These actually appear fairly often within a number of search queries on Google.com. A key to look for is the tags that follow the actual link from the SERP. If there is a small clip of text underneath the link, than that URL has been indexed. If there is no text available underneath the link, than the page either does not offer any indexed text-based contents, or, is an unindexed URL. To further clarify, if you can view the size of the page (for example: "22K") than the page has been indexed by Google.

Other Types of Files

Refers to the growing list of files that Google has the ability to read and index. Some of the most popular file types that are indexed and not classified as Indexed Web Documents include Adobe Acrobat PDF Files, Microsoft Office Documents (Word, Excel, PowerPoint, etc.), WordPerfect, Flash, and others.

Indexed Web Pages / Refreshed Daily

These are the same as the Indexed Web Documents, but are reviewed daily by Google and their listings within the SERPs are also updated. The reason for listing these refreshed documents, is that many of the pages have been noted by Google to consistently show continual changes over time. (News-related pages and sites are a good example.)

Optimizing for the Entire Google Search Engine

Optimization is really about getting as much useful content out to your users and targeted market as is possible. Google is a great avenue to do just this because of it's abilities to index and refresh so many listings.

As one would expect, the majority of the information that an SEO or an SEM should strive to get into the Google search database - are web pages and HTML formatted documents. That is what the vast majority of Google's users are looking for - and expect. Of course, there is far more work done to retain a market than to just get a document listed - but we have covered such topics in the past.

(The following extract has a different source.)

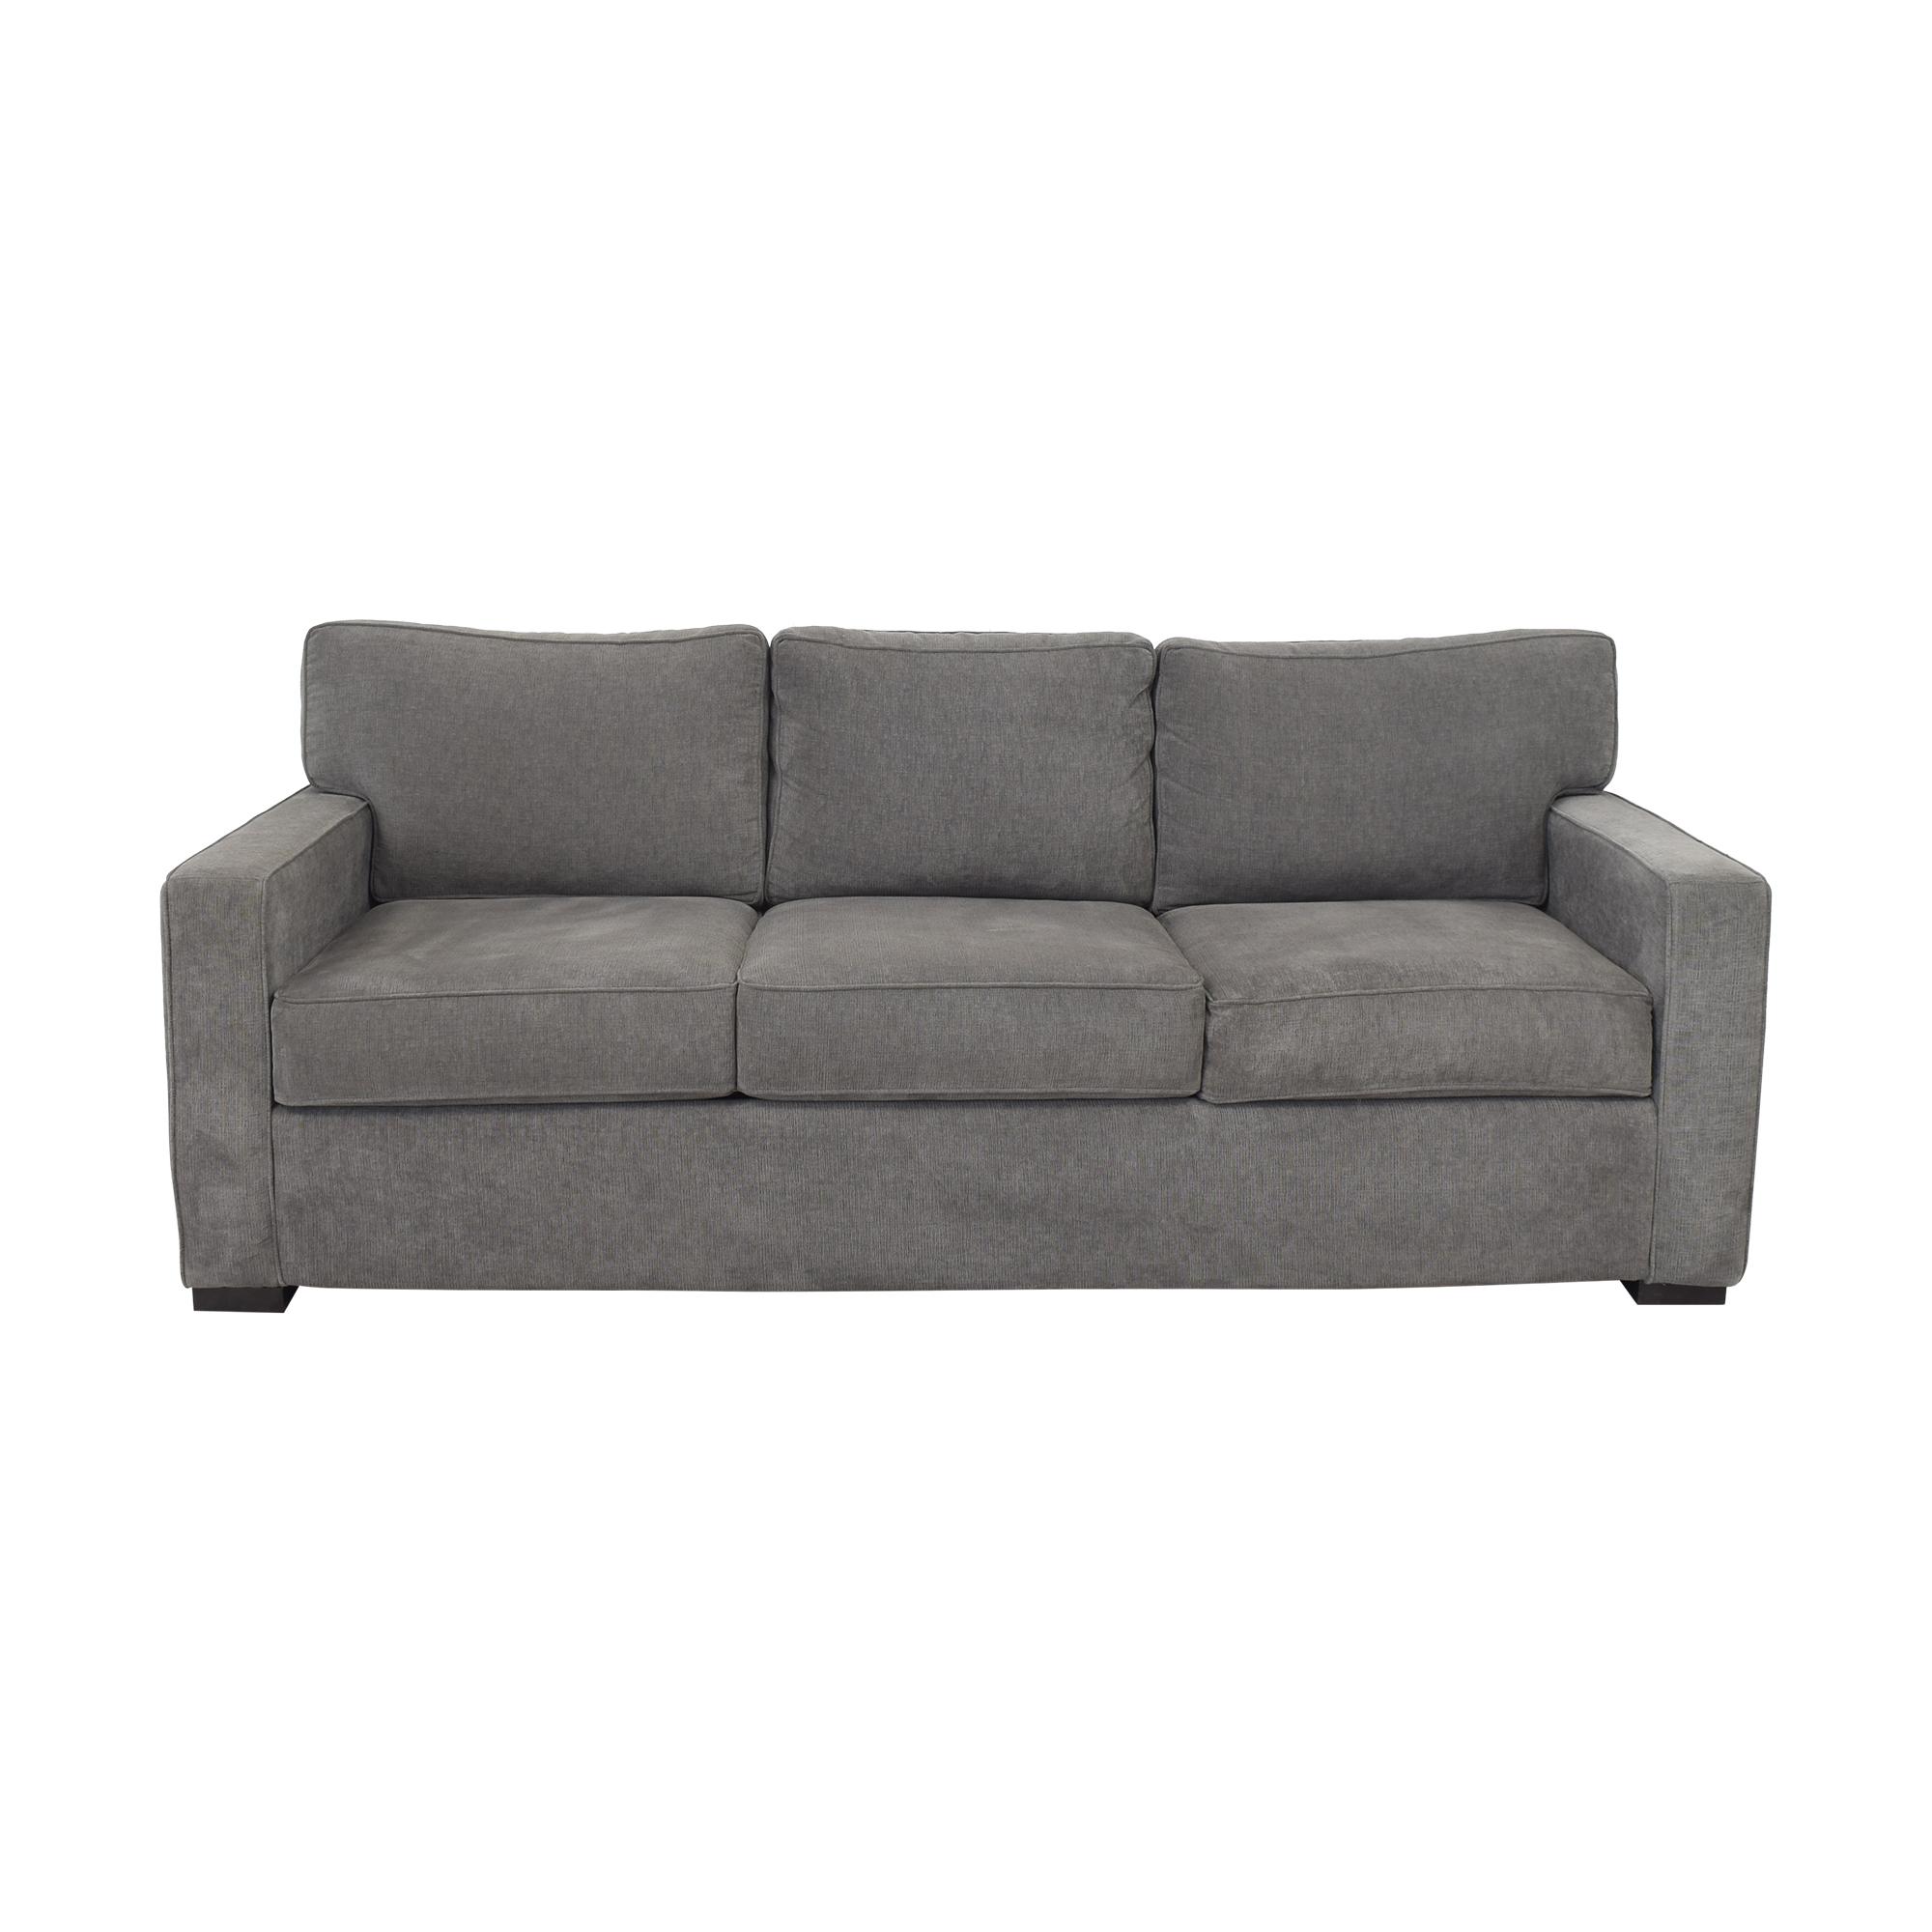 Macy's Macy's Radley Fabric Sofa Sofas

As a word of caution though, it becomes evident that many documents that intended to become available to semi-private audiences online, may in fact reach the general searching public. If your company or web site contains any files that fit the "Other Types of Files" category as listed above, make sure that those files can be seen by the general public. If not, password protect their URLs as much as possible or disallow access from all user agents (especially GoogleBot!) from accessing the folder that such files reside in.